Do you think anyone has ever written a Fortran program to estimate the change in temperature as water is boiled in a kettle.
I ask because I used to be able to make a cup of tea in the time it took to compile a program on COMPAQ Portable using MS Fortran 3
Now I can make a cup of tea in the time it takes to run my program that generates "good" mesh for FEM models of buildings and bridges.
PS the latest version of VS 2019 preview does not pick up some changes in files needing to be recompiled -- it is interesting,
Relax, and be thankful! No matter how much the run times of your programs change over the years, you can always check the answers in constant time by reading the tea leaves.
But, my world was shattered when I found the date and time is not running at a constant rate, instead we have a kernal you need to look up to check for leap seconds. I can not longer add 200000 seconds to a time and know the answer.
Time is not linear as measured, of course it is somewhat linear as long as you do not move. Although if I sit still time moves very slowly.
PS My grandmother would read the tea leaves.

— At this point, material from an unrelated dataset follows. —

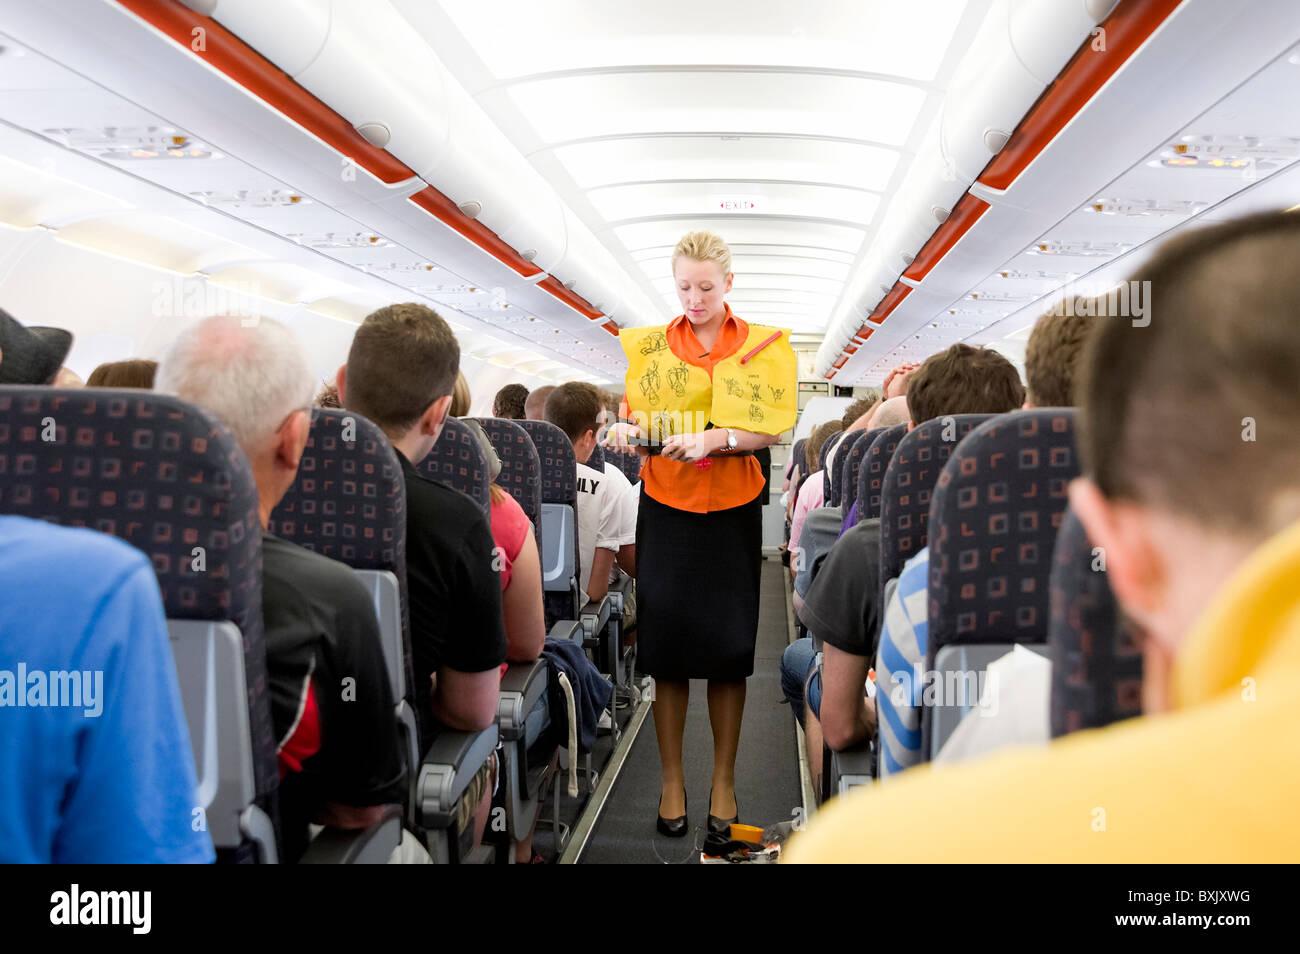 Preflight safety demonstration on board EasyJet plane, England, UK - Stock Image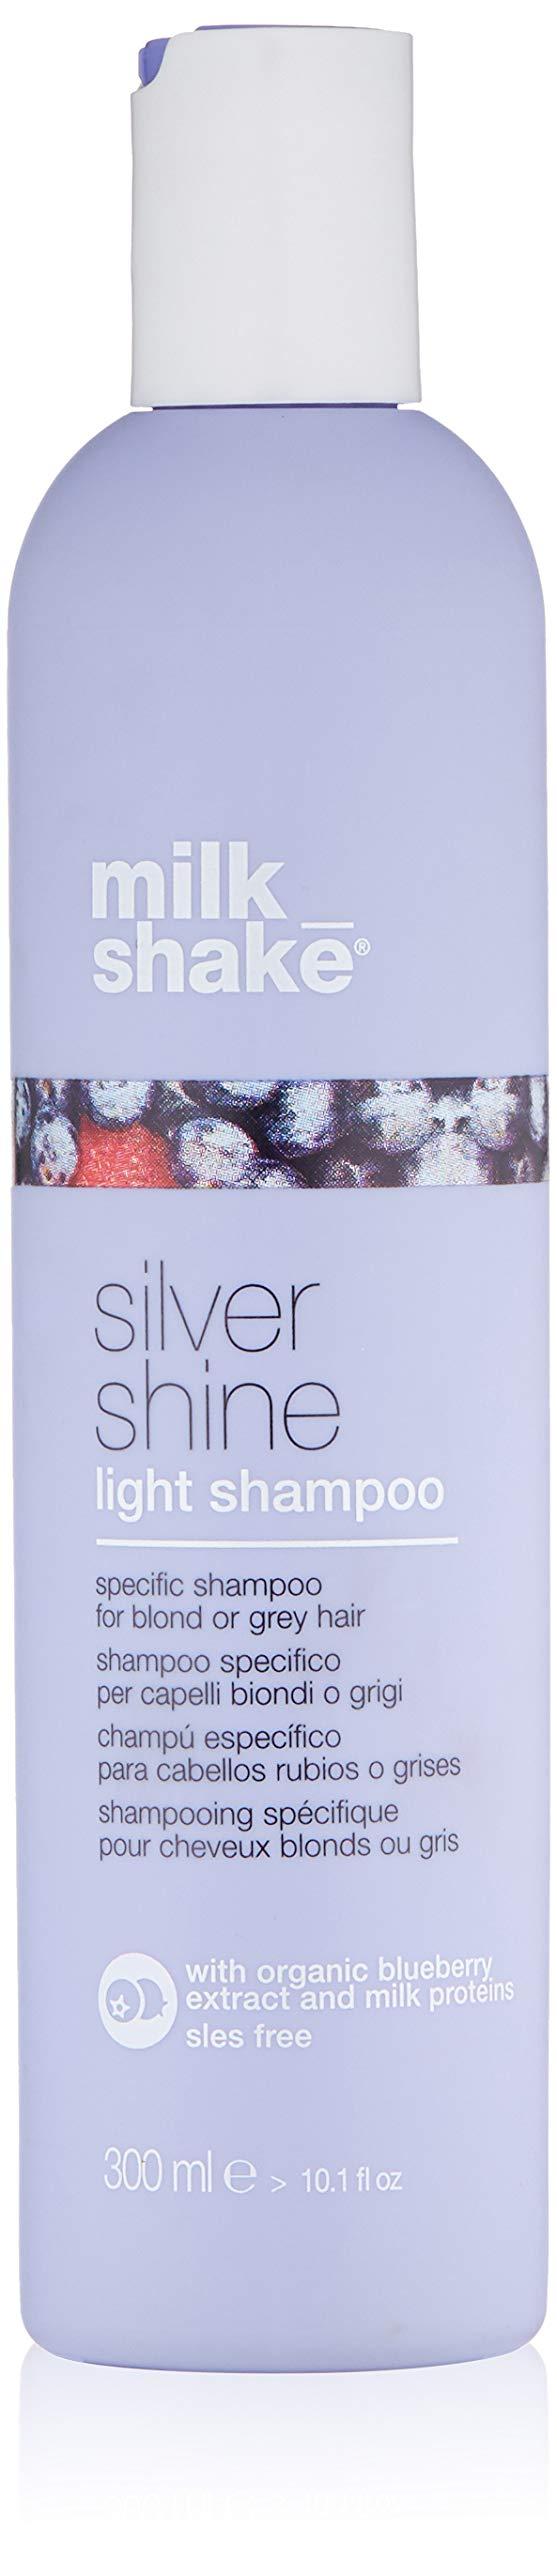 milk_shake Silver Shine Light Shampoo, 10.1 Fl Oz by milk_shake

>>Time is not linear as measured.
"Time flies like an arrow; fruit flies like a banana"
Speaking of non-linear time, when you write a simulation program with a delta time increment (fractional seconds) you should use:
T = T + dT ! advance time interval
T = BaseTime + dT * integrationStep
The reason for doing so is to avoid a potential of accumulation of round-off errors (one for each advancement of dT). Using the product form introduces only a single instance of potential round-off error.
T = T + dT ! advance time interval
It all depends on how many bites you use for T and dT. 4 bytes gives a surprisingly poor performance, failing beyond about 10^6 time steps, while 8 bytes does not present a problem for typical values I have used.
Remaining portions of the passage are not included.